Task brief: Find the line containing "Autoriseret VVS og kloakmester foran bil" in the material below, then please transcribe it and each line after it exactly, without the pictures.

Data section:
+++++

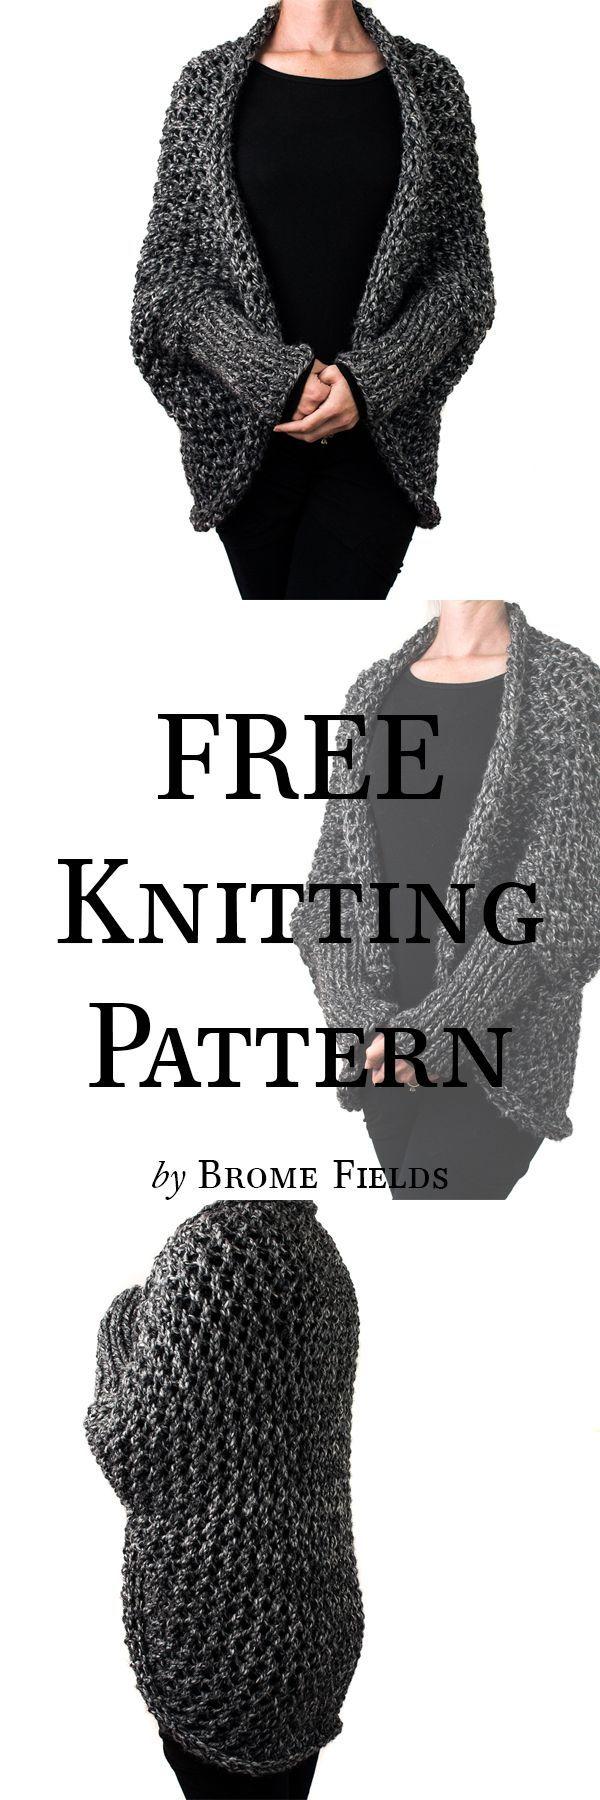 {FREE} RESOLVE: Cocoon Knitting Pattern   - Knitting 7 - #Cocoon #Free #Knitting #Pattern #RESOLVE #blanketsweater
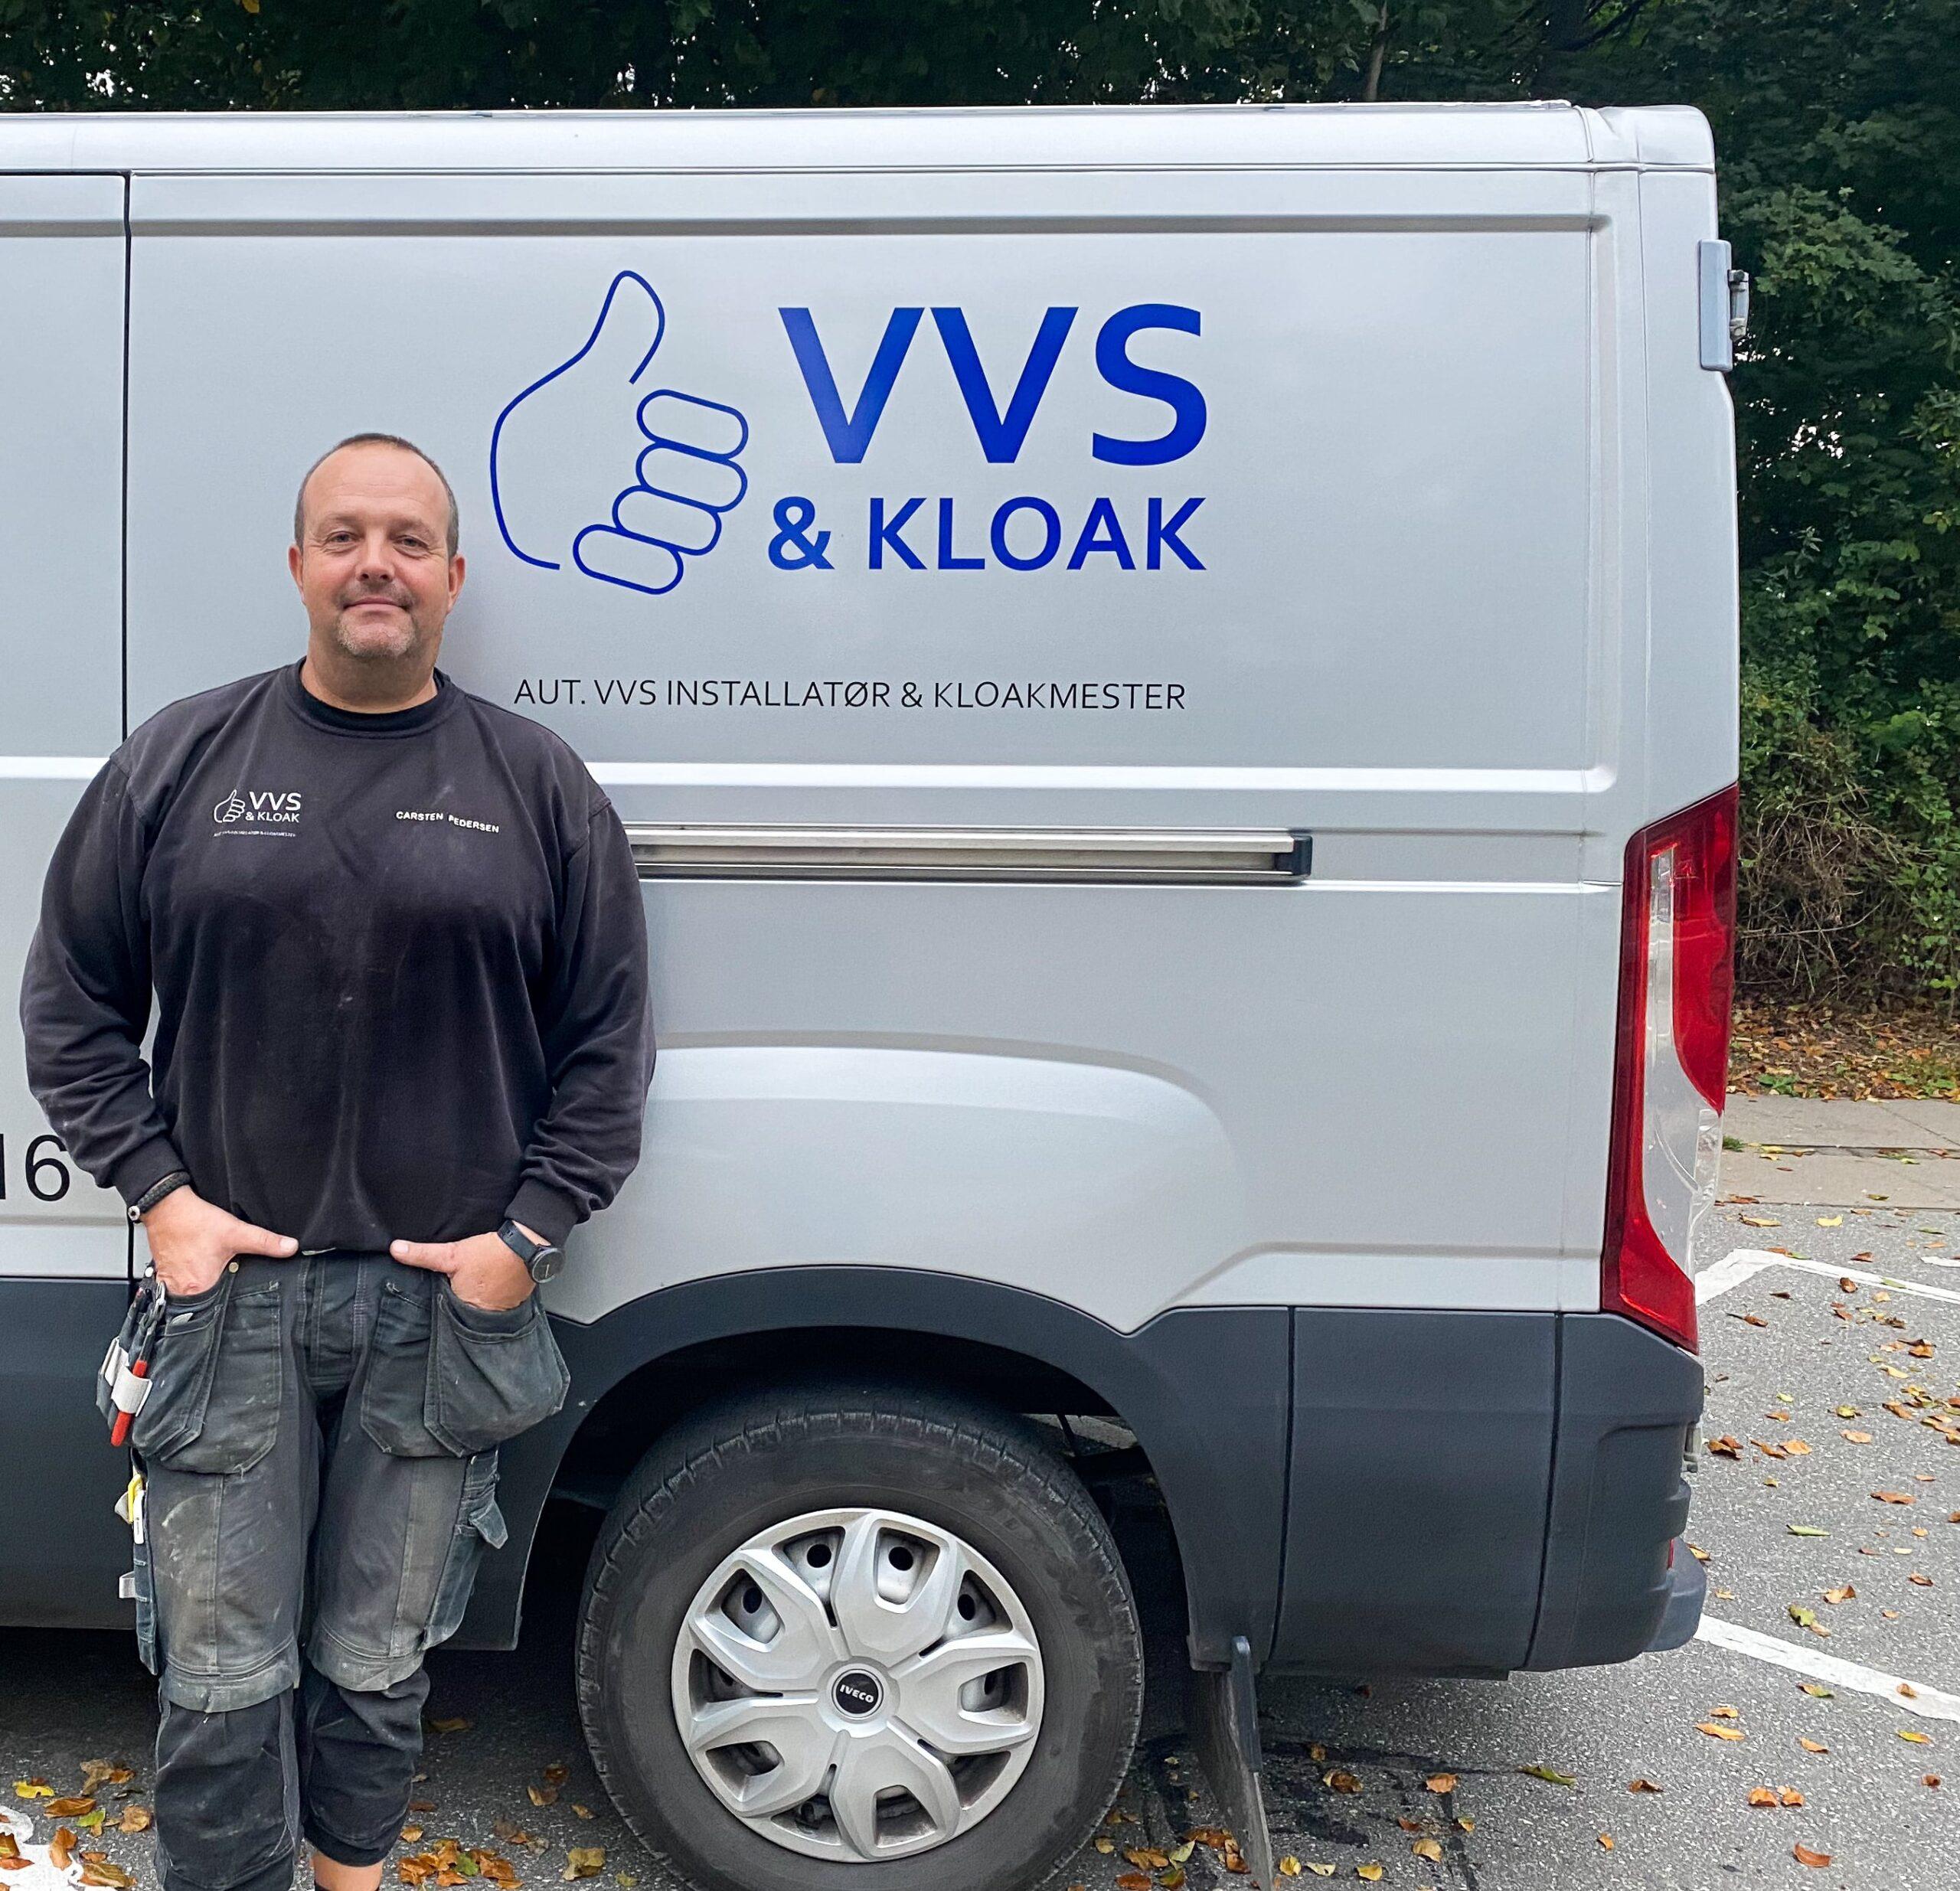 Autoriseret VVS og kloakmester foran bil
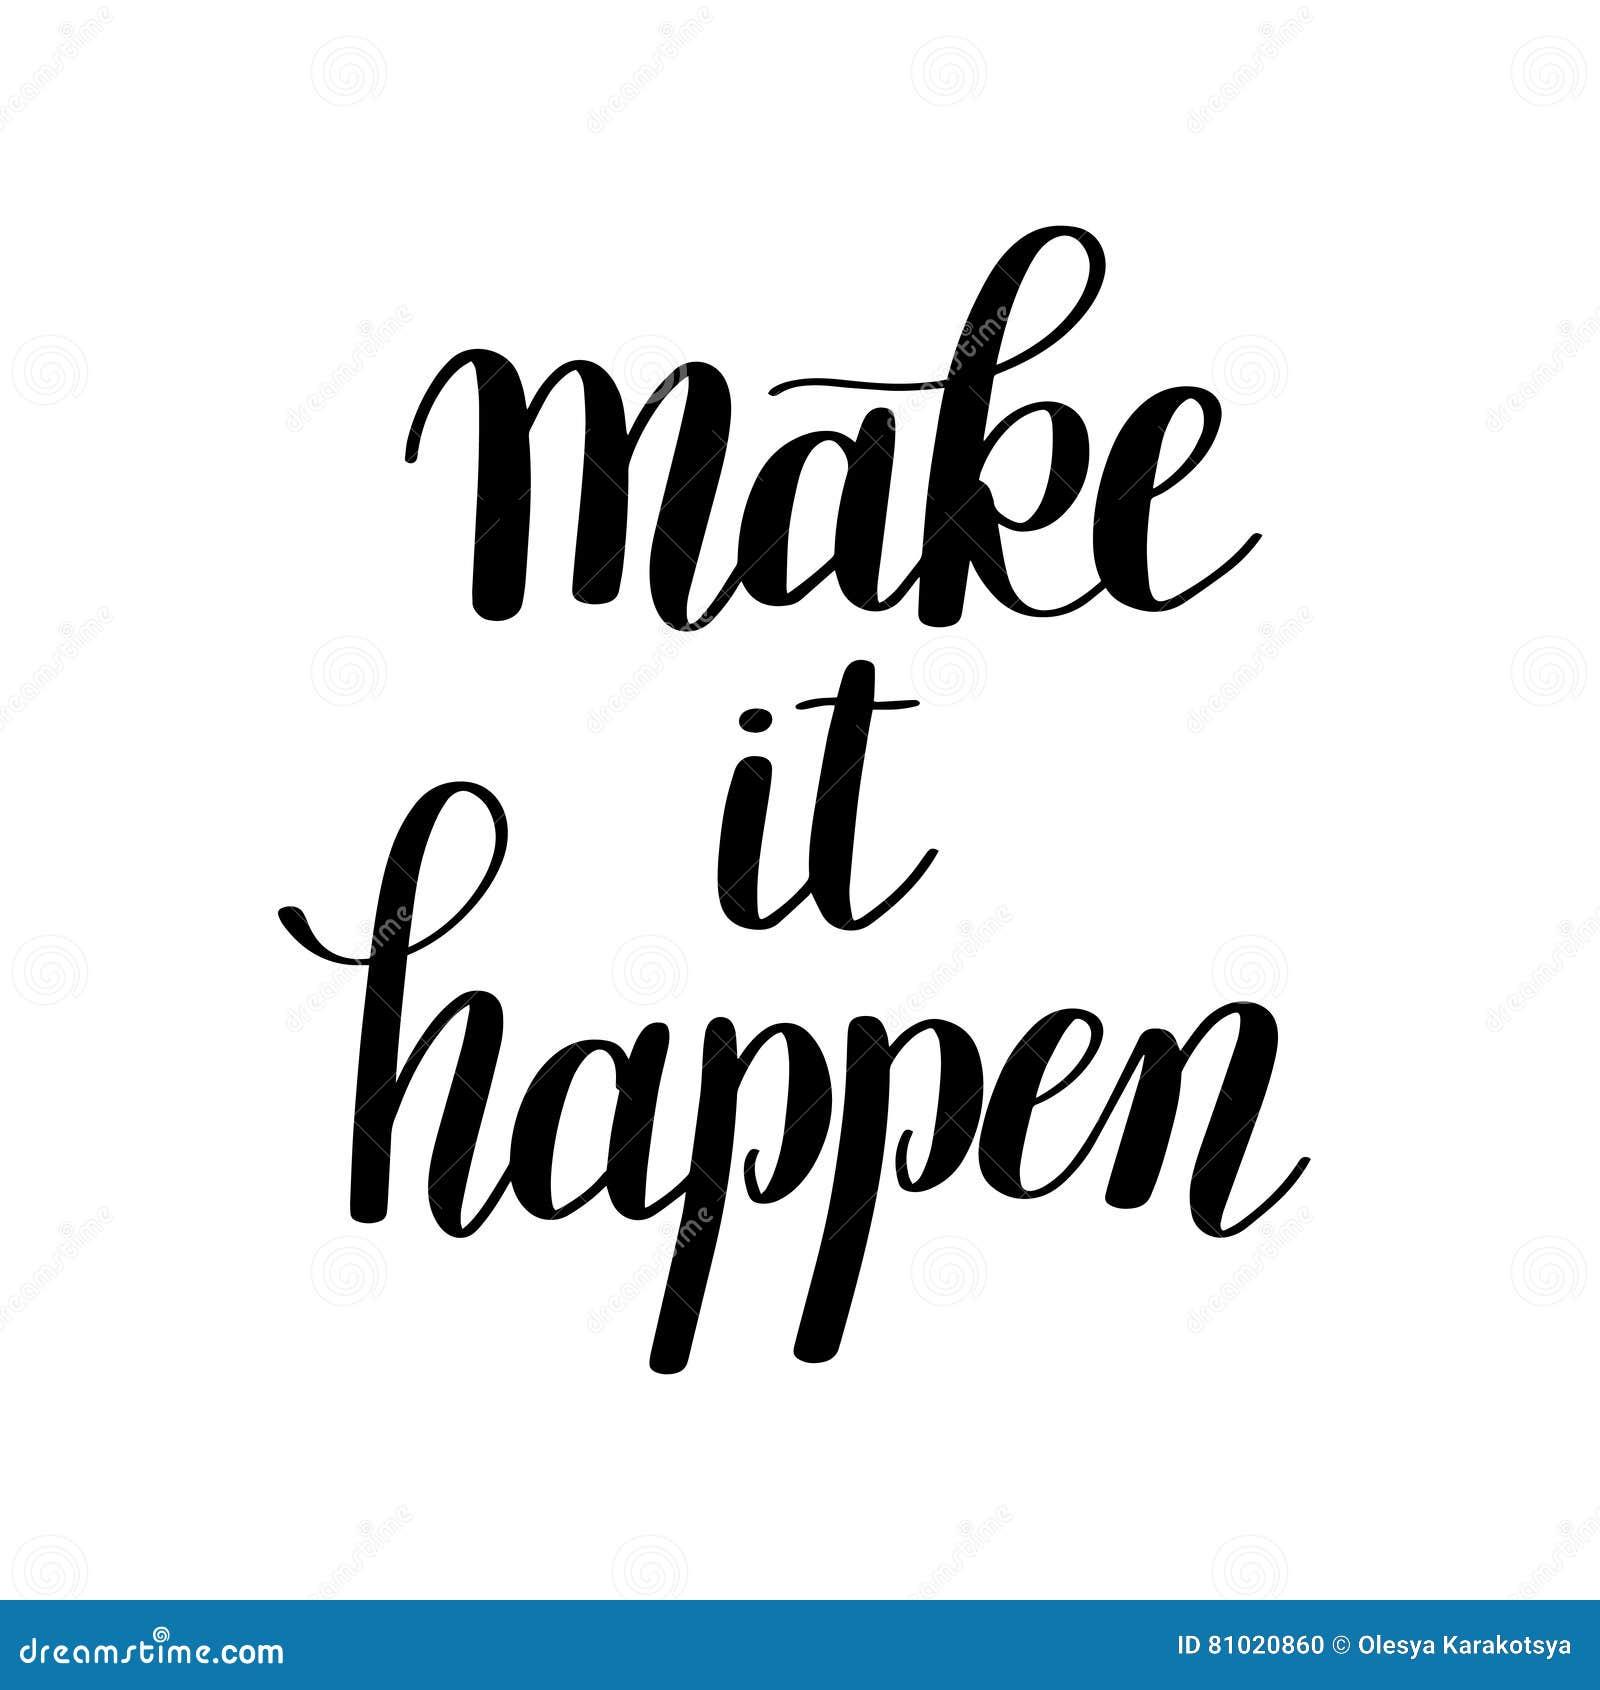 Quote Clip Art: Make It Happen Handwritten Positive Inspirational Quote

+++++

Answer:
 Autoriseret VVS og kloakmester foran bil
 Quote Clip Art: Make It Happen Handwritten Positive Inspirational Quote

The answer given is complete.